Explanation of symbols

１０ノードリクエスト調停ユニット
２０〜２３プロセッサノード
３０〜３３Ｉ／Ｏノード
４０ノード間接続装置
１００調停手段
１０１物理アドレスレイテンシ検索テーブル
１０２リードリクエスト登録テーブル
１０３タイマ
２００ａ，２００ｂプロセッサ
２０１主記憶ユニット
２０２プロセッサノード制御ユニット
３００Ｉ／Ｏノード制御ユニット
10 Node request arbitration unit
20-23 processor node
30-33 I / O node
40 Internode connection device
100 Mediation means
101 Physical address latency search table
102 Read request registration table
103 timer 200a, 200b processor
201 Main memory unit
202 processor node control unit
300 I / O node control unit

Claims

A read request arbitration control system in a distributed shared memory parallel computer comprising a plurality of nodes having one or more processors and a main storage device, the read request depending on an access latency for a request destination address of the read request A read request arbitration control system, comprising control means for performing arbitration control.

2. The read request arbitration control system according to claim 1, wherein the control means preferentially issues a read request having a longer access latency.

The control means stores a table in which the addresses of the read request destinations and latencies corresponding to the addresses are stored in advance, and refers to the table by the request destination in response to the occurrence of the read request.
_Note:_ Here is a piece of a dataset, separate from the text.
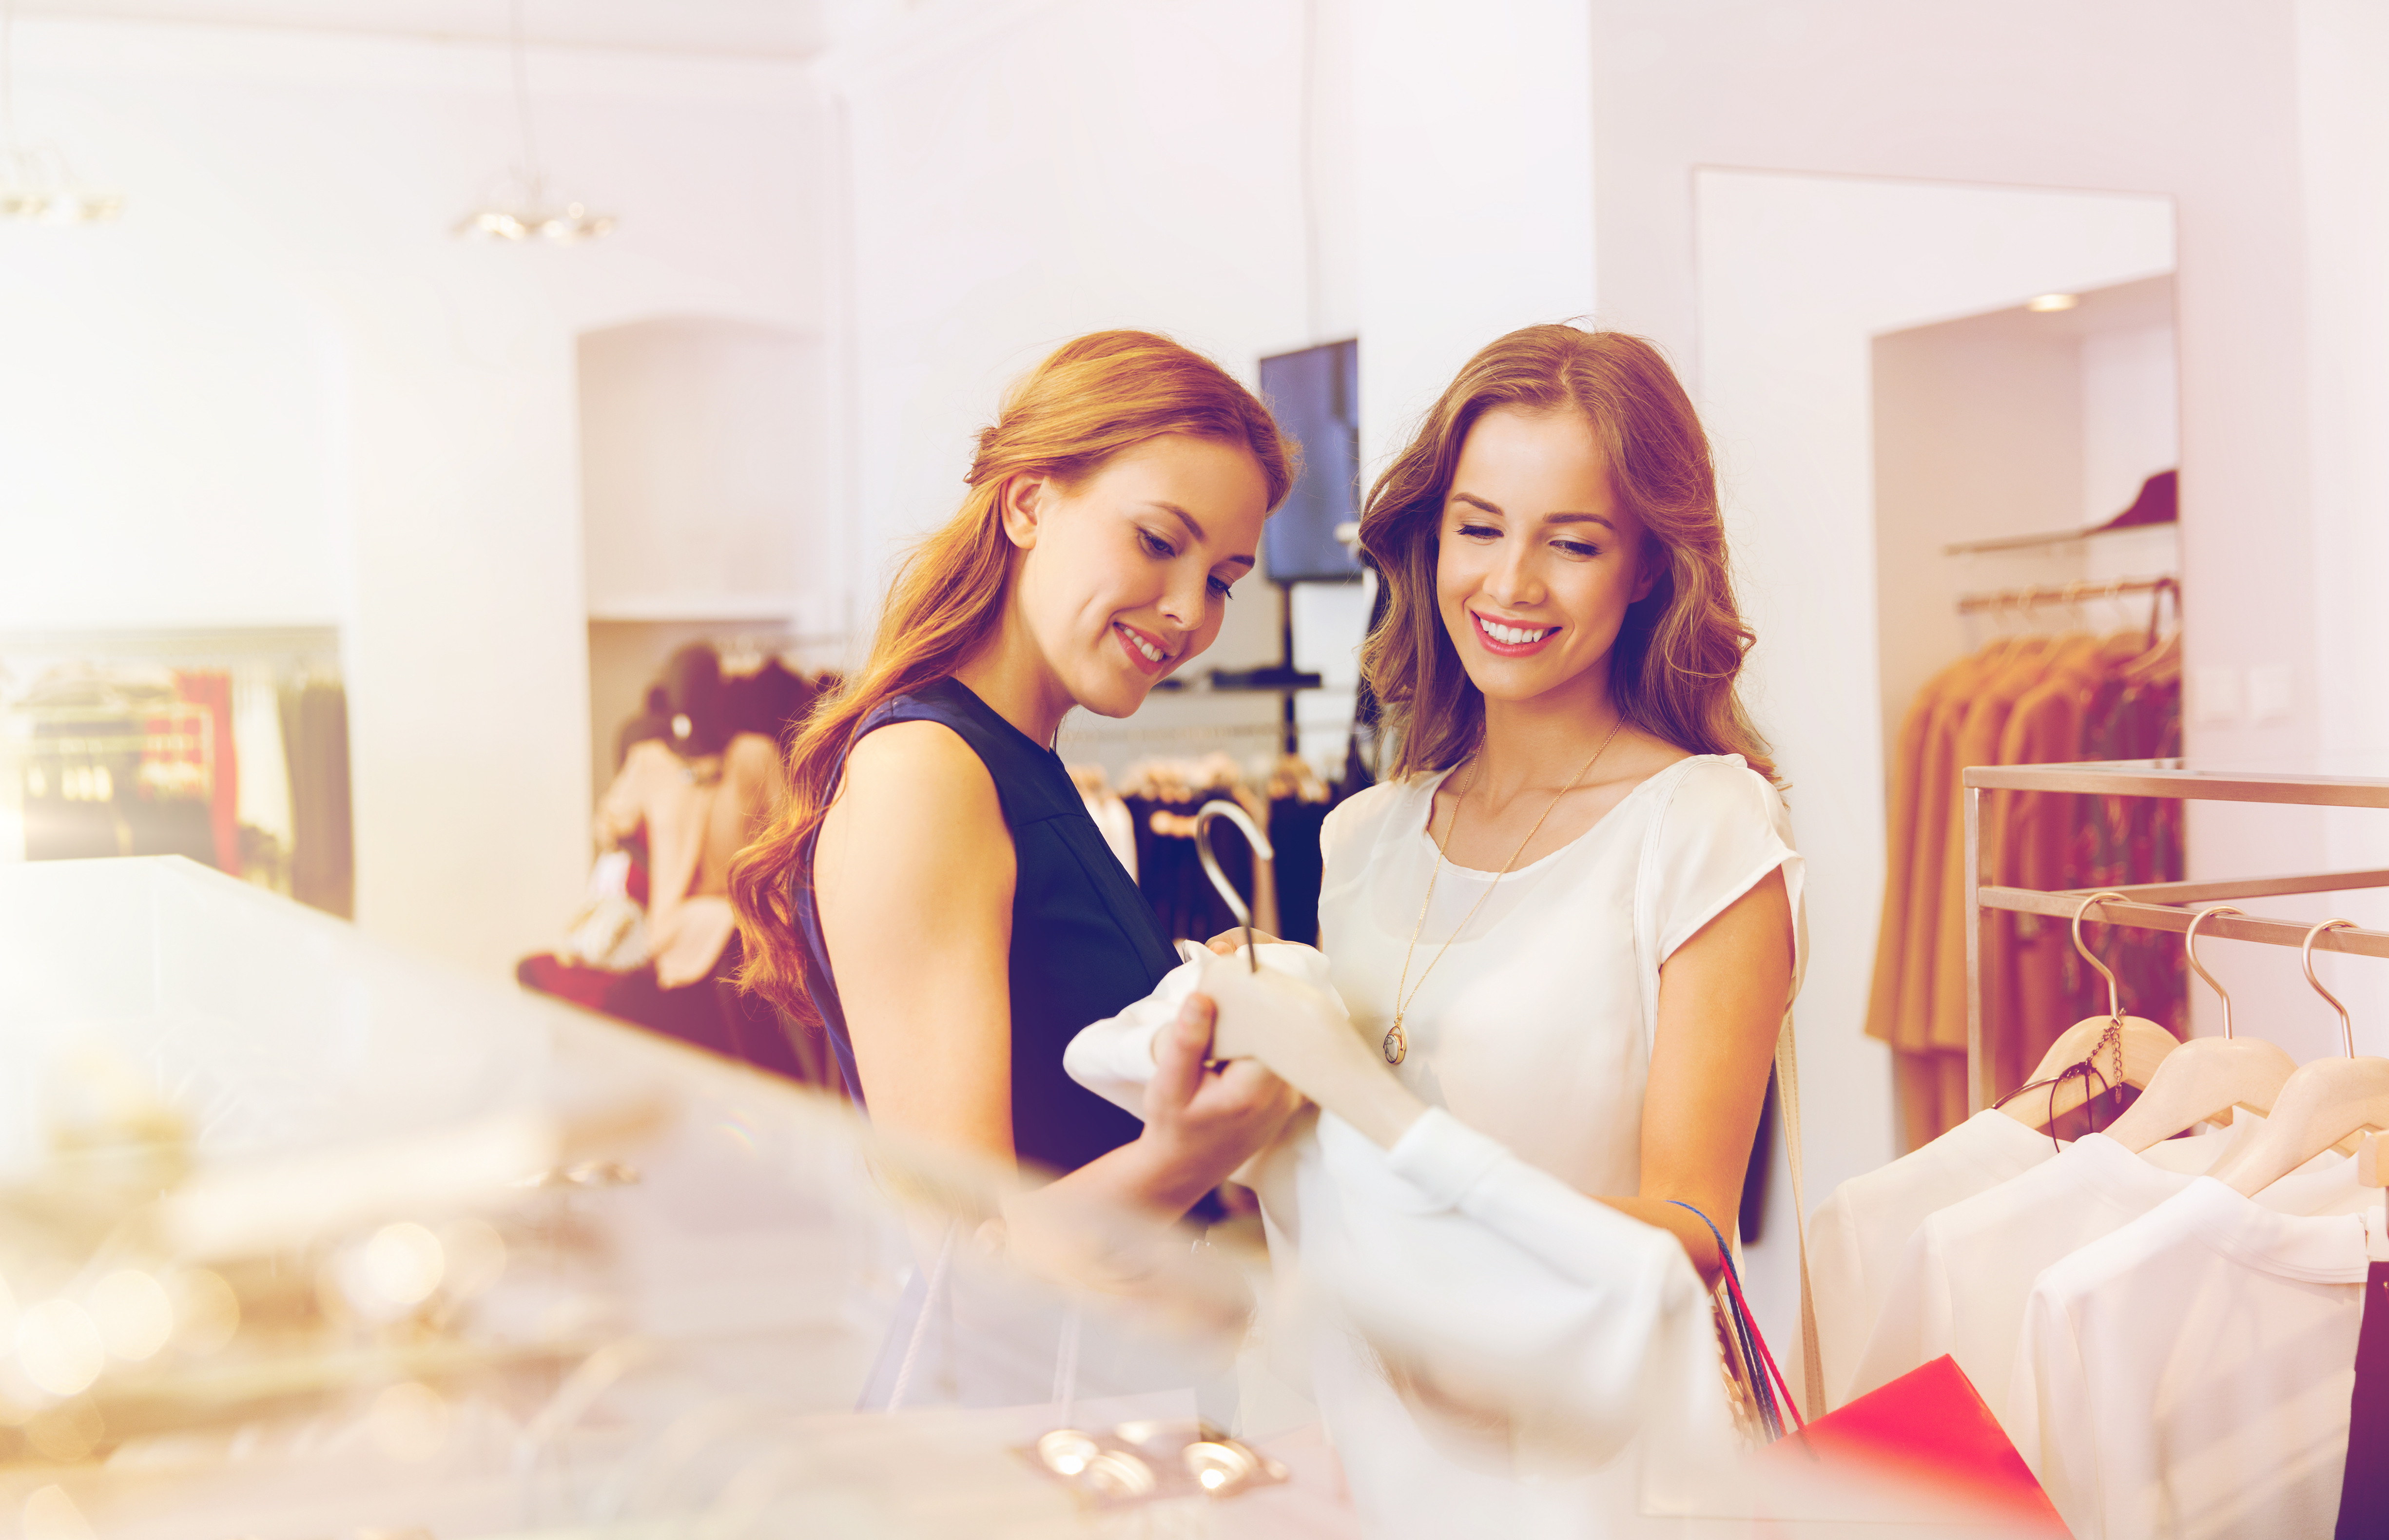 Art of shopping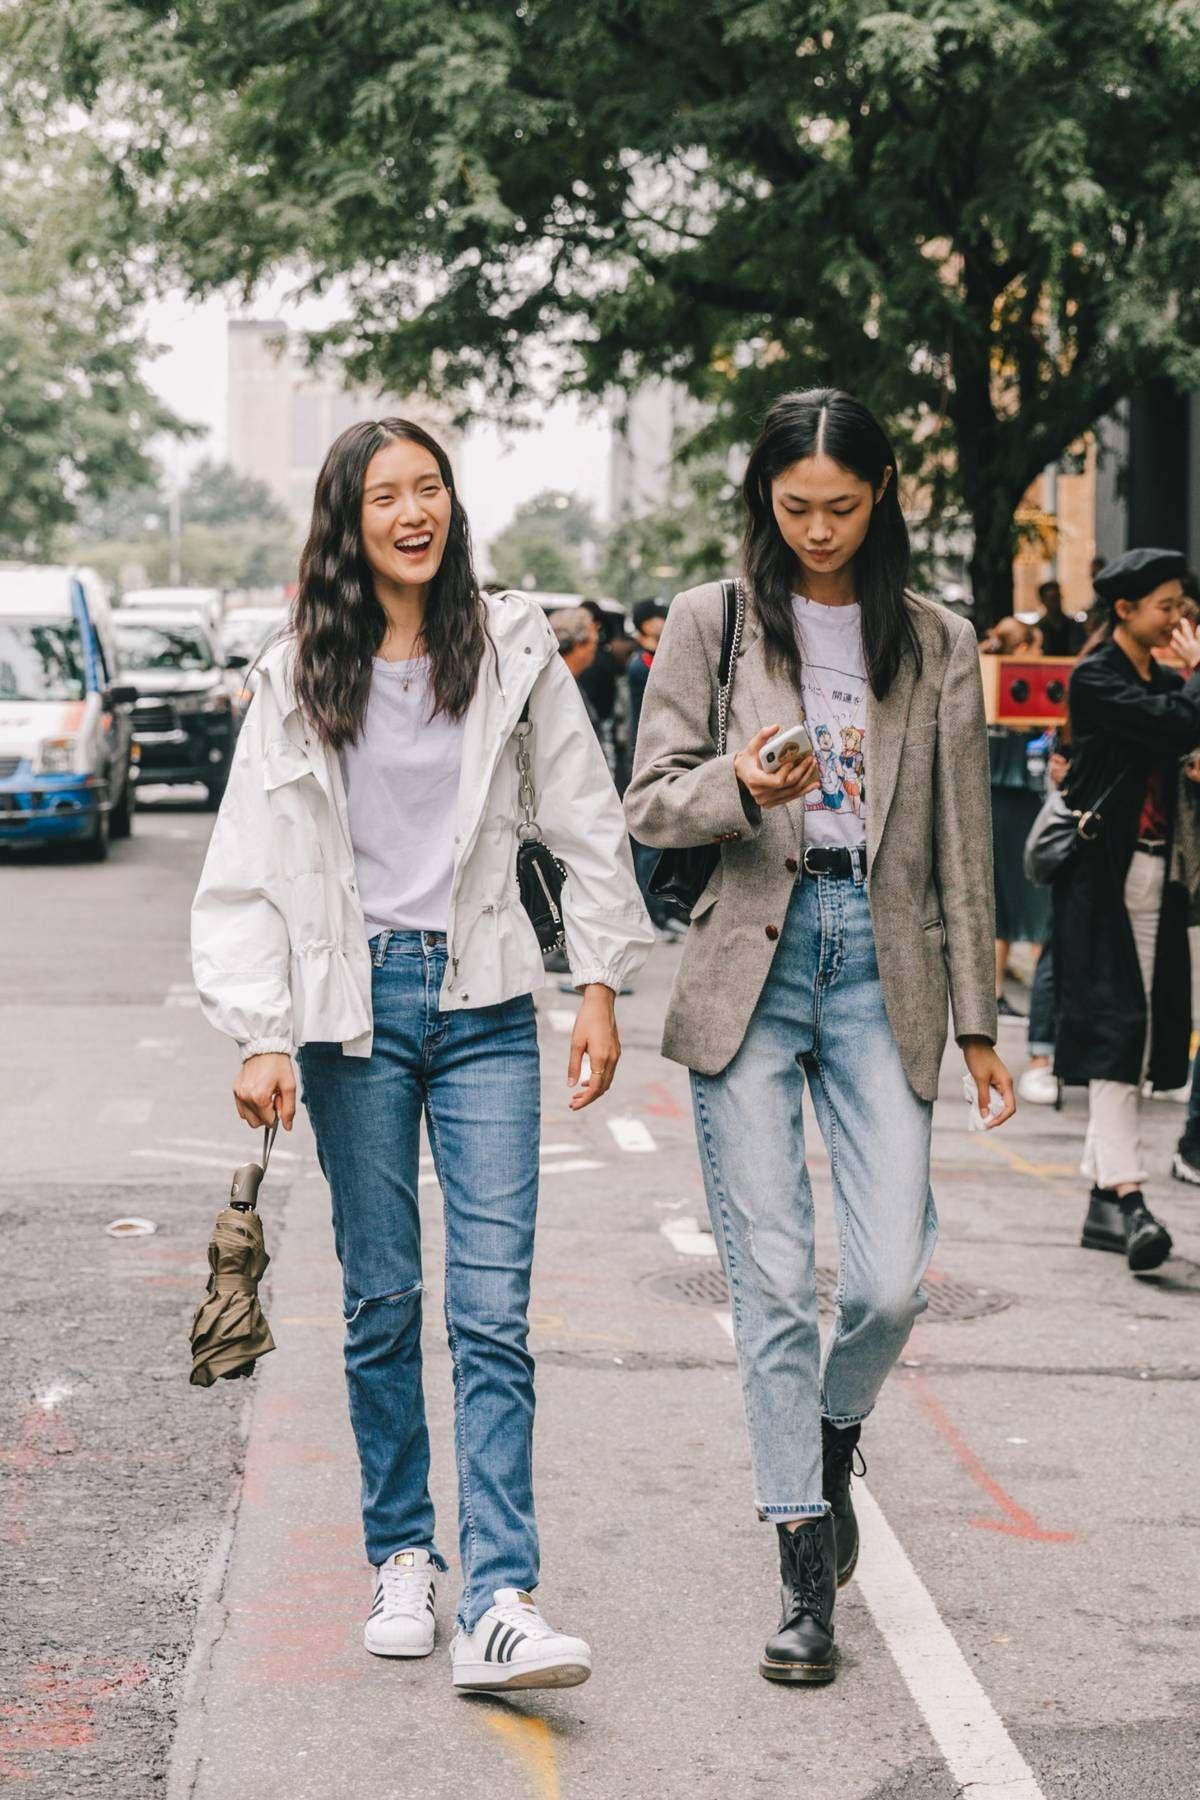 , Jeans Don't Fit Anymore? 6 Hacks to Stretch and Shrink Your Denim, Hot Models Blog 2020, Hot Models Blog 2020

The read request arbitration control system according to claim 1, further comprising: means for calculating

4. The read request arbitration control system according to claim 3, further comprising means for updating the latency of the table based on an actual response to the read request.

A read request arbitration control method in a distributed shared memory parallel computer comprising a plurality of nodes having one or more processors and a main storage device, the read request depending on an access latency for a request destination address of the read request A read request arbitration control method, comprising a control step for performing arbitration control.

6. The read request arbitration control method according to claim 5, wherein the control step preferentially issues a read request having a longer access latency.

In response to the generation of the read request, the control step calculates the latency by referring to a table in which each address of the read request destination and a latency corresponding to each address are stored in advance. 7. The read request arbitration control method according to claim 5 or 6, further comprising steps.

8. The read request arbitration control method according to claim 7, further comprising the step of updating the latency of the table based on an actual response to the read request.

A program for causing a computer to execute a read request arbitration control method in a distributed shared memory parallel computer comprising a plurality of nodes having one or more processors and a main storage device, and accessing a request destination address of a read request A computer-readable program comprising processing for arbitrating the read request according to latency.